DSS lets you run SQL queries directly from a Python recipe. This lets you:
In this tutorial, we are going to use this ability to analyse a dataset from the San Francisco airport.
This dataset contains data about the cargo aircraft landing at SFO. You can find more information about it here: https://data.sfgov.org/Transportation/SFO-Passenger-Cargo-Aircraft-Landing-Datasets/zax7-gzc9
Note: this dataset is distributed under the CC-0 license.
You can either start this tutorial from the DSS interface or create a new project to follow this dataset.
If you use the tutorial within DSS, the tutorial project comes with the SFO airport dataset. Else, you'll need to download the dataset from the previous URL.
You'll need a SQL database configured in DSS. We are not going to use very advanced SQL, so any supported SQL database will do.
The dataset records the number of cargo landings and total landed cargo weight at the SFO airport. The dataset contains one record for each month, airline, type and details of aircraft. The line includes the number of aircrafts of this type of this company that landed this month, and the number of records.
The dataset contains data from 2005 to 2015.
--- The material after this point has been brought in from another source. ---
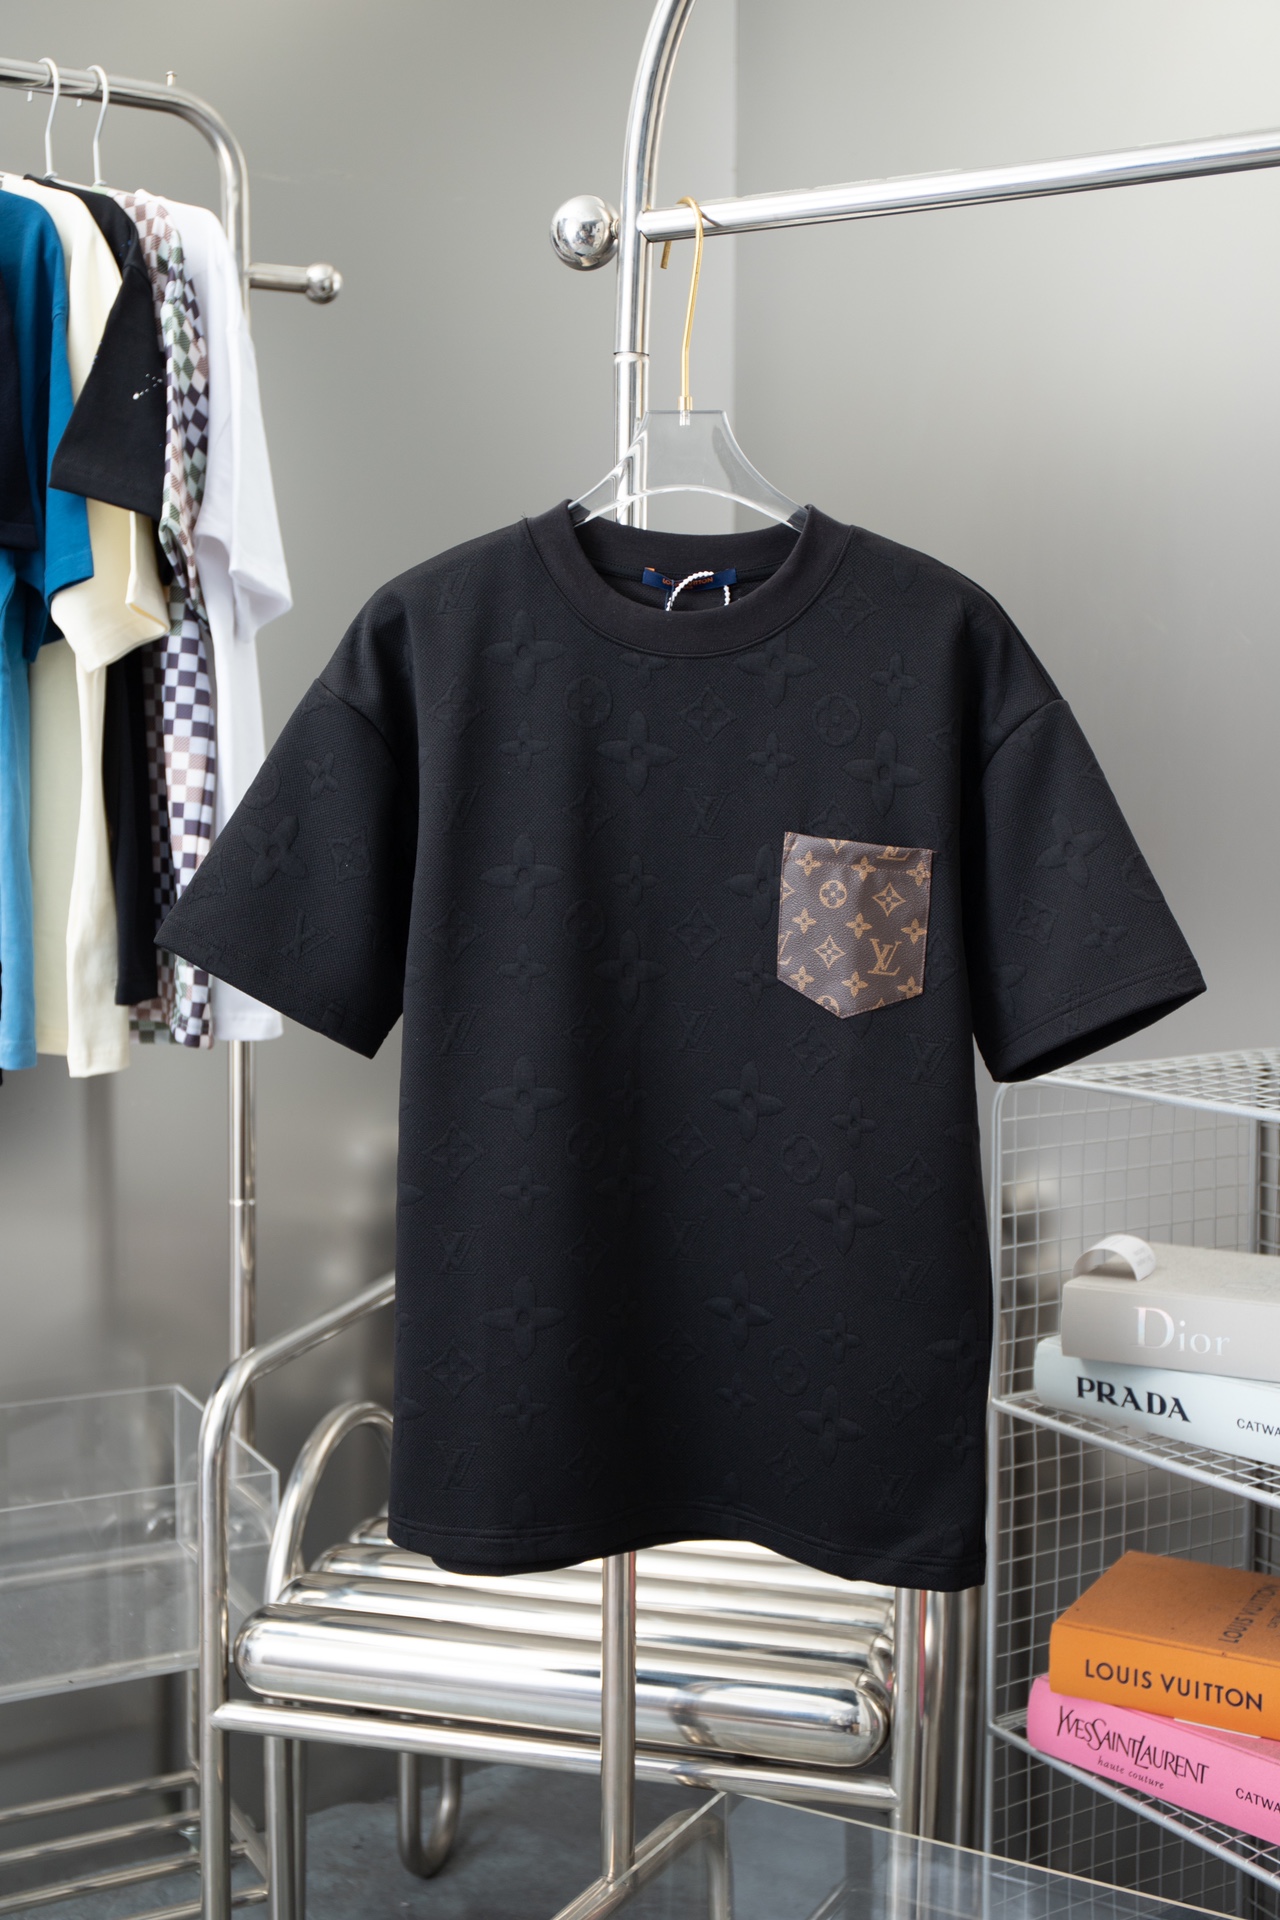 Louis Vuitton Clothing T-Shirt Unisex Cotton Spring/Summer Collection Fashion Short Sleeve

What we would like to do is write a recipe to obtain, for each month and airline, a breakdown in several columns of the total landing weight by aircraft manufacturer. In essence, that's a kind of crosstab / pivot table.
To make things a bit more complex, we are not interested in the small aircraft manufacturers (there are more than 15 in the original data). We only want the top 5 manufacturers. And by top, we mean, "with the highest count of landings".
With these constraints, doing that in SQL only would be fairly complex. Let's do it with a little bit of Python calling SQL.
|Month||Airline||Aircraft type||Landings||Total weight|
|201501||United||Total Boeing weight||Total Airbus Weight||Total Mc. Donnel weight|
Your DSS project has the source data in a Filesystem (or Uploaded) dataset. As this is an import from a CSV file, DSS has not automatically typed the input columns: if you go to the settings of the dataset, you'll see the columns declared as string.
We could set the types manually in the dataset, but we could also let the Preparation recipe of DSS do it. Since anyway we need to copy our dataset to a SQL database, using a Prepare recipe instead of a Sync recipe will give us the typing inference for free.
The dataset is actually fairly clean, so we won't need any actual preparation step.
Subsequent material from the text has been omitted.